The “two-state delusion” is not October 6 thinking. It is November 1947 thinking. It is an archaic, discredited, wholly deranged idea that rewards terror and will only encourage the enemy to plot more, to attack more, and to bomb more because there is literally no downside to it. The Knesset made this quite clear just a few weeks ago. An unprecedented 99 MK’s voted against an imposed “Palestinian state,” and close to 80% of Israelis oppose it as well. It’s not Netanyahu or Smotrich or Ben Gvir – it’s us, it’s the people, it’s common sense, it’s elementary morality.

Sure, “the world has changed radically” since October 7. Evil is ascendant across the globe. Rather than fight and destroy it, Schumer, Biden, Blinken and many in the Democratic Party want to appease it in the finest tradition of Neville Chamberlain. But Israel is not South Vietnam, Afghanistan, or Taiwan, all abandoned by the US in one way or another. They can either aid Israel in this struggle or not. But if US military aid is only granted not with strings but with chains, Israel does have the capability and the obligation to protect our interests.

Israel cannot prevail with this type of US support, the kind that demands – as Antony Blinken unctuously intoned, words then read verbatim by his water-carrier Schumer – that Israel’s “priority number one” must be the protection of Gaza’s civilians. No, no, no. That is depraved, preposterous, and defeatist. The fate of Gazan civilians should not be in the top ten of Israel’s concerns – or as much as the fate of enemy civilians was America’s concern in Germany, Japan, or Vietnam. In truth, but for Israel’s excessive concern about enemy civilians, we would have fewer dead soldiers and the war would be over by now. The stated war objectives are destroying Hamas’ terror capability, liberating our hostages, and ensuring that Gaza is never again a center of terror. Gazan civilians – the ones whose homes all had tunnels and were used as weapons depots – are not our problem. Months ago, they should have been resettled elsewhere – perhaps in the US, which annually admits millions of people who have identical problematic pasts.

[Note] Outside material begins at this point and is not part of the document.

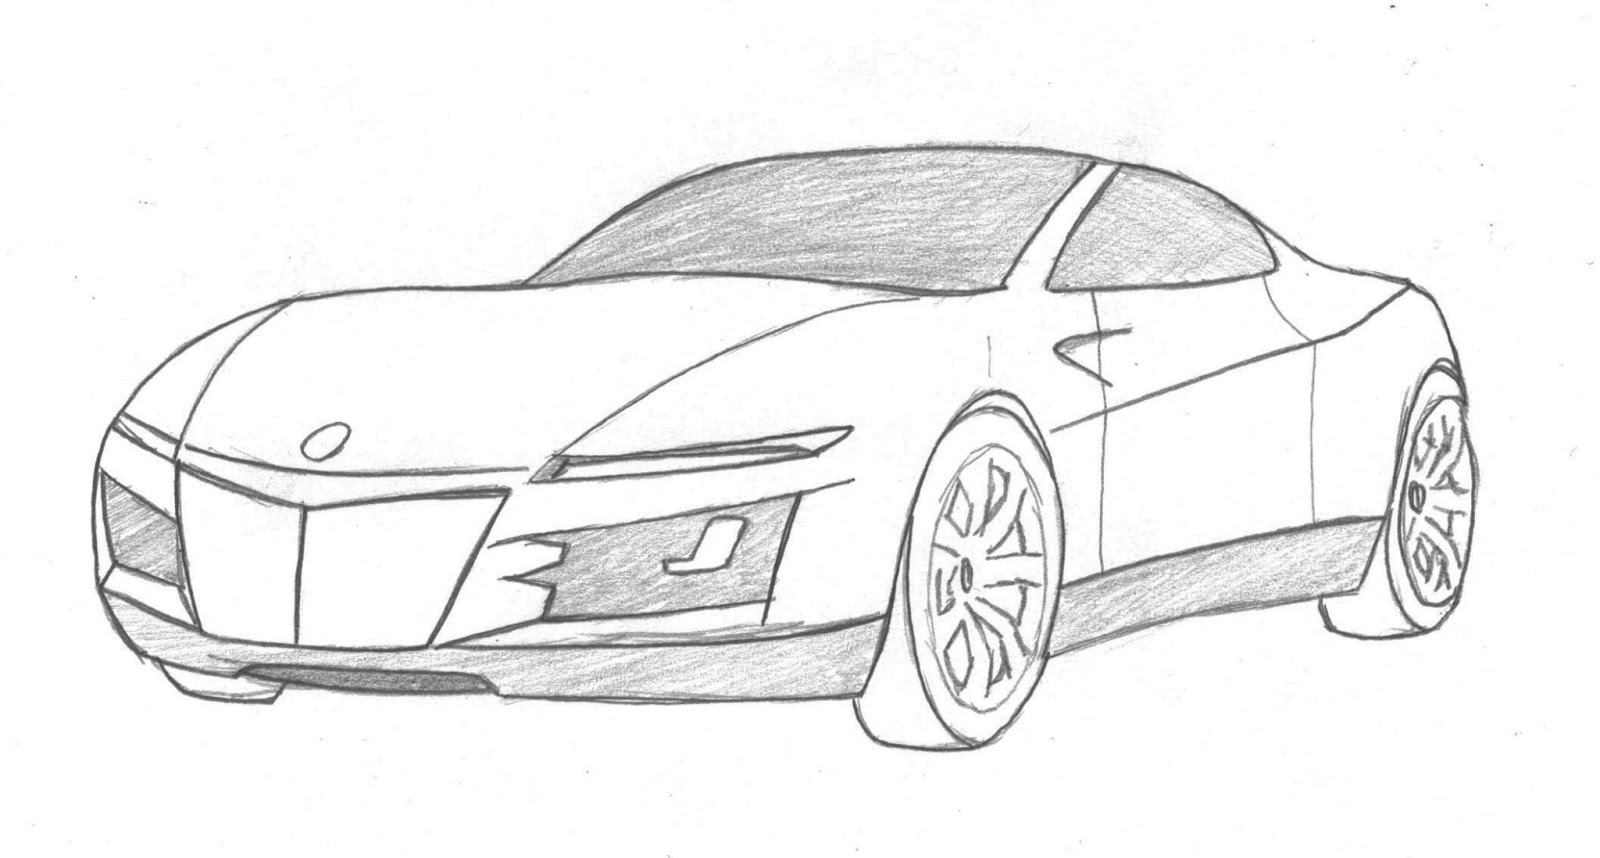 easy car pencil sketch drawing - Clip Art Library
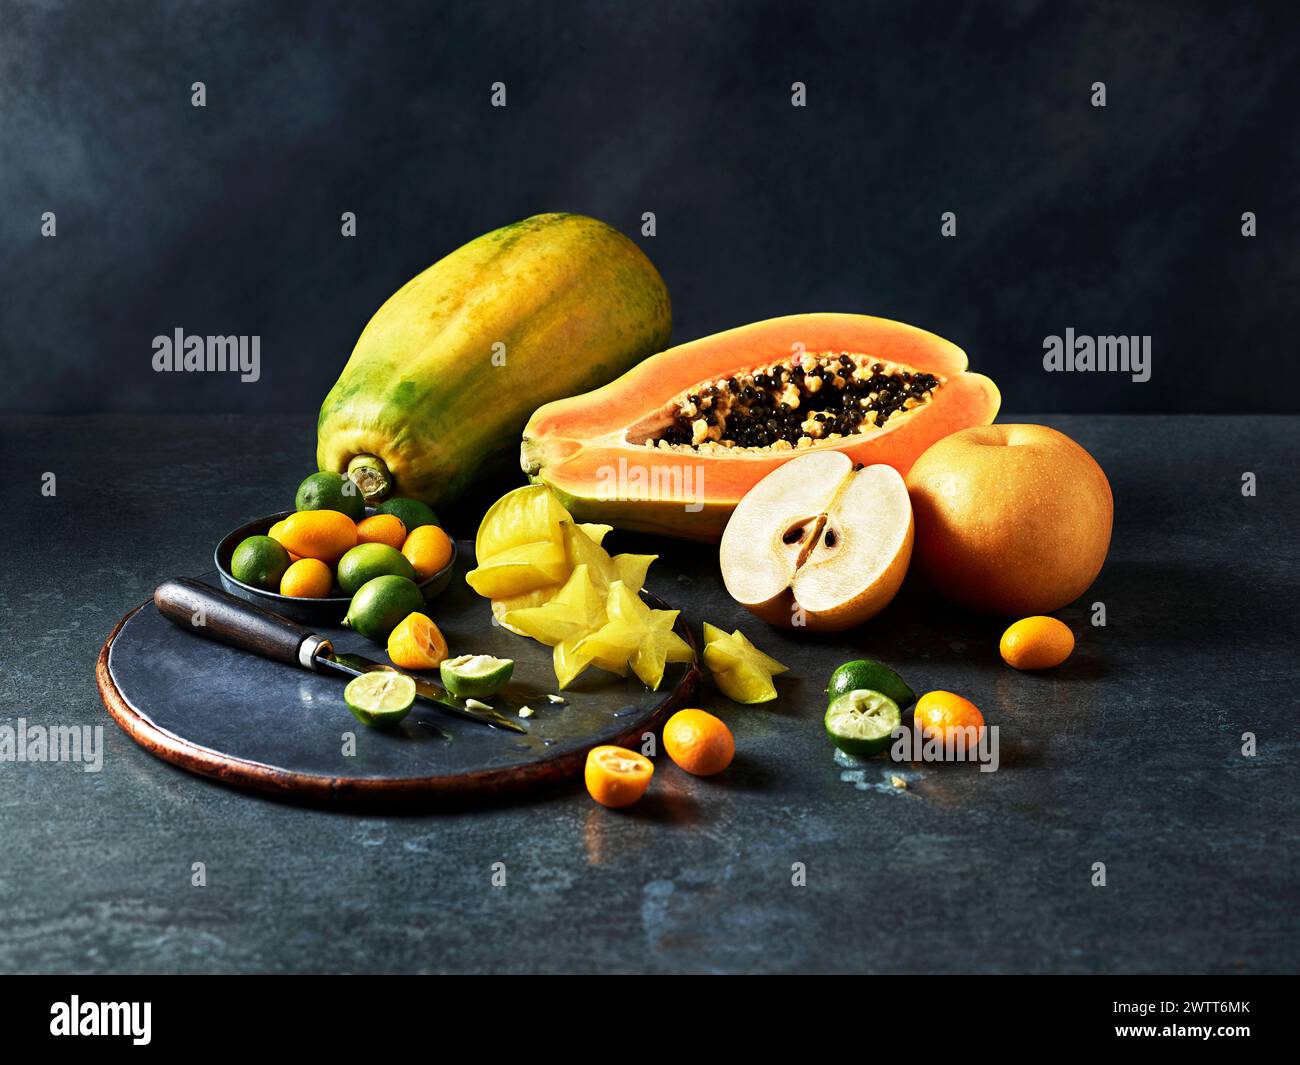 Eine lebendige Ausstellung exotischer Früchte, kunstvoll auf einer dunklen strukturierten Oberfläche angeordnet. Stockfoto

Despite Blinken’s blathering, our concern should prioritize our civilians – those who were murdered, those who were kidnapped, and those who remain homeless because of the predations of our enemies. Blinken never mentions displaced Jews – only displaced Gazans. His priorities are skewed and should never be ours. We must never intentionally target civilians – and we never do – but that is wholly different than prioritizing their safety at the cost of victory.

What are we missing? Why is Schumer, like a lapdog with a bone, suddenly obsessed with a Palestinian state? What do the Democrats – and the Israeli left – not understand? Why do even genuine supporters continue to speak of coexistence as if, with just a little more goodwill, it is right over the horizon?

There is a missing piece to this puzzle.

In a private conversation some thirty years ago as the Oslo debacle unfolded, I spoke with a former State Department official, a former ambassador, and someone gung-ho about the prospects for peace in the Middle East (always just a few more Israeli concessions away). I asked him one simple question: “what if this is all a ruse? What if the real objective of the Arab countries is to destroy Israel, and all the peace process does is incrementally weaken Israel until it is ripe for conquest?”

His answer was telling and frightening. He said: “We do not factor in that possibility at all. If we did, we could never have a peace process.” It emerges that the likeliest explanation for all the terror, the missiles, the invasions, the wars, the bombings, the stabbings, the ramming, and the incitement – that many Arabs reject Israel’s very existence and always will – is never a consideration in the halls of diplomacy. It is this missing piece, this willful blindness, that shapes international diplomacy and now has produced the wailing for the “two-state delusion.” Would it not endanger Israel’s existence? No, say the grand poohbahs of diplomacy, because they have categorically ruled out that Israel’s existence is in danger and that our enemies want us dead.

Think of how we could change the world as we know it if we just ignored inconvenient facts. Why, human beings could fly… if we ignore the effects of gravity. And perhaps with enough international goading, and the magical words uttered by the right people that produce the ostentatious signing ceremony, Israel can be convinced that it can really fly, far and high.

Two months ago, my wife sat on a plane next to an American Israeli woman from a leftist kibbutz in the south who was also returning to Israel. Asked if she supports the “two state delusion,” the woman demurred. Everyone else on her kibbutz did before the Hamas massacre, but she did not. Why not? She explained that she studied just a few years earlier for a graduate degree in London, and there befriended some classmates who were from Gaza. Talking about politics, she questioned them about the two-state delusion, and, as she described it, they laughed at her. “We don’t want two states. We will not rest until we destroy Israel. You have no right to live on any part of that land – our land. And we don’t care how long it takes.”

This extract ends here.